Try following xpath:
x = driver.find_element_by_xpath('//tr[#class="linhaPar" and contains(.,"Scientific American")]//td[contains(#style, "text-align")]').text
print(x)
Note:
Don't use .find_elements, but .find_element
Here's how I would do it, I created a re-usable function that returns the first element by tag and matching attributes.
def getElementByTagAndAttributes(browser, tag, **kwargs):
for element in browser.find_elements_by_tag_name(tag):
for key, value in kwargs.items():
attribute = element.get_attribute(key)
if attribute != value:
break
else:
return element
x = getElementByTagAndAttributes(browser, "td", width="1%", style="text-align: right").text
As its a table structure and data represent in rows and column.

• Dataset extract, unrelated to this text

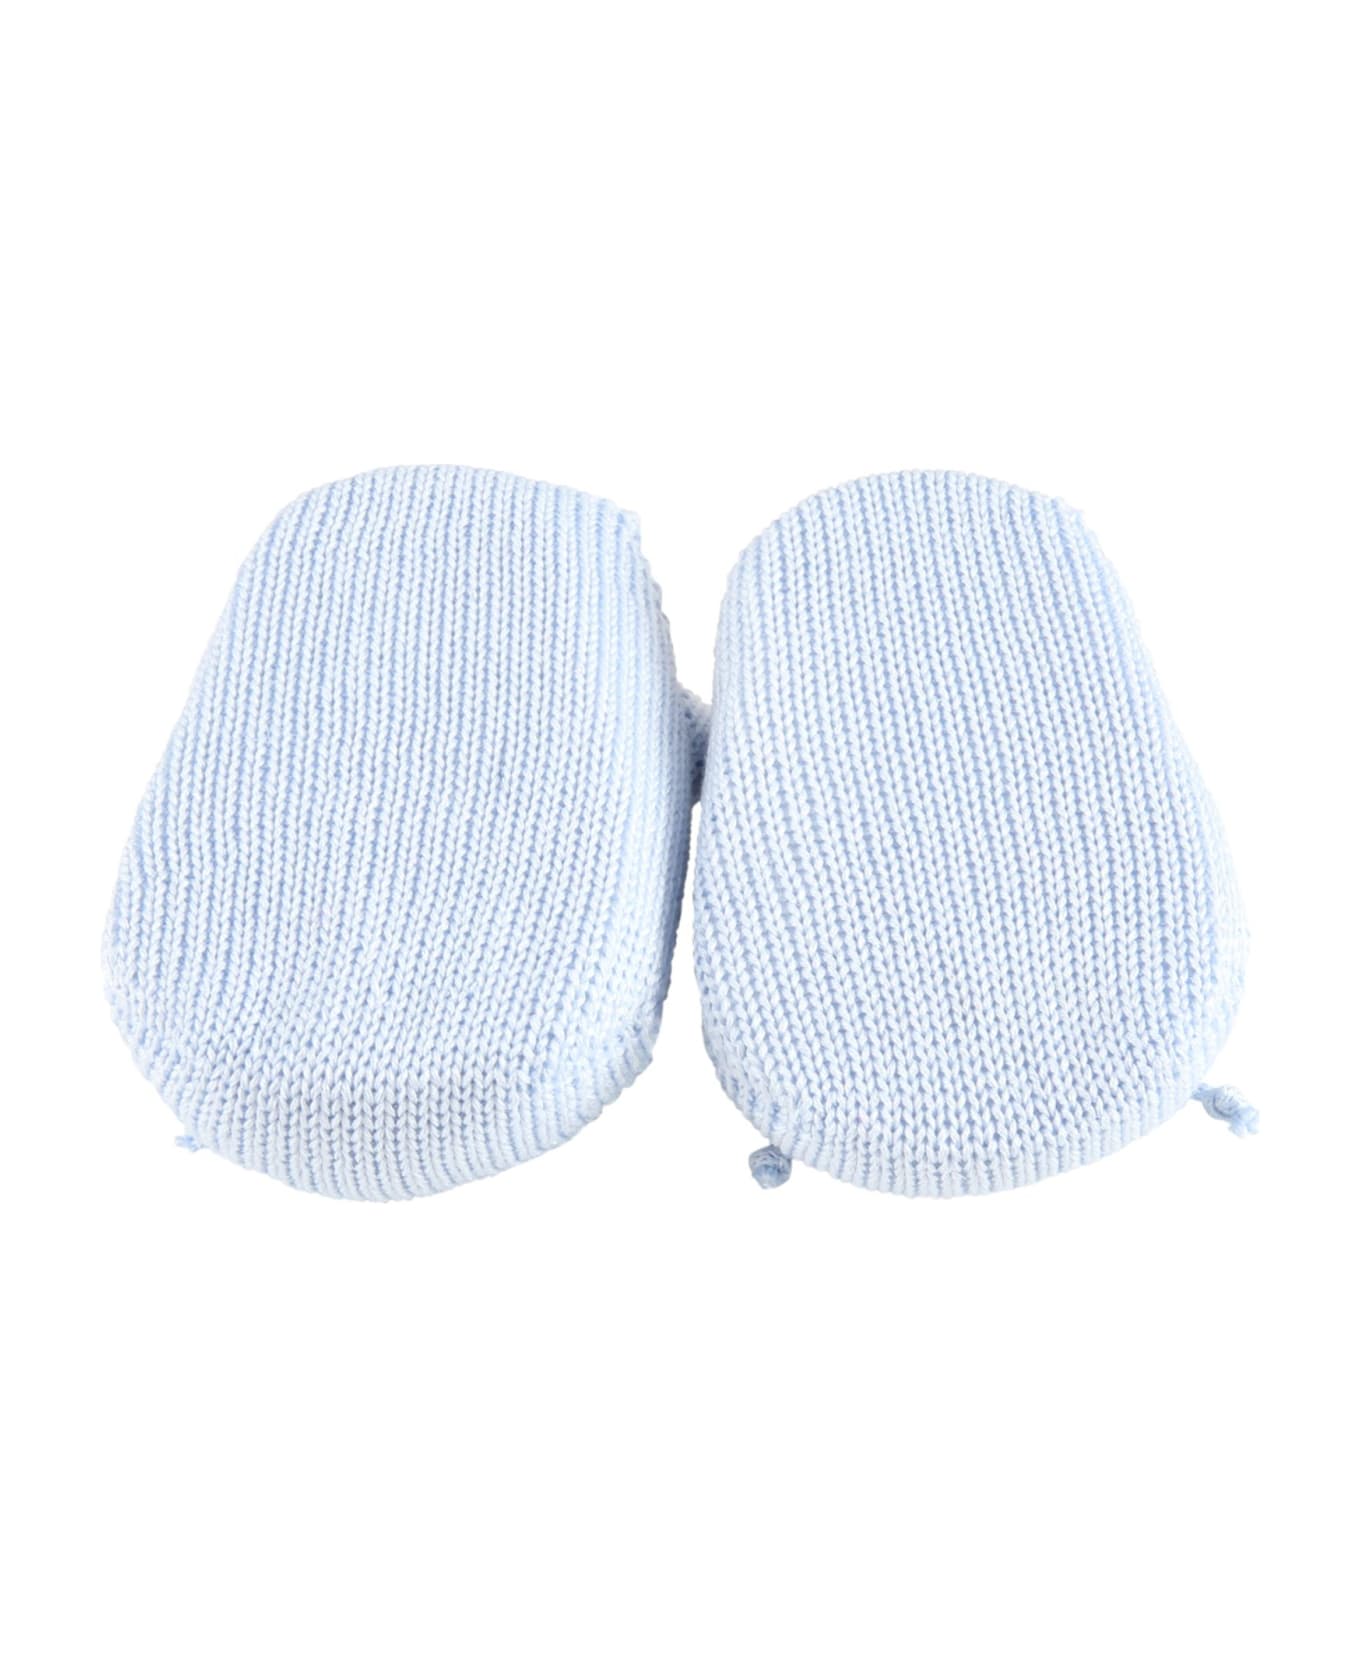 Story Loris Light Blue Bootee For Babyboy - Light Blue アクセサリー＆ギフト

You can go with finding the value based on some specific data. So in your case lets say you want to retrieve the value 1 based on "Scientific American" then go with below xpath -
x = browser.find_elements_by_xpath("//tr/td[contains(.,'Scientific American')]/following-sibling::td[4]").text
To extract the text 1 from the element:
<td width="1%" style="text-align: right">1</td>
You can use either of the following xpath based solutions:
Using the text Scientific American:
print(browser.find_elements_by_xpath("//td[contains(., 'Scientific American')]//following::td[3]//following-sibling::td[1]").text)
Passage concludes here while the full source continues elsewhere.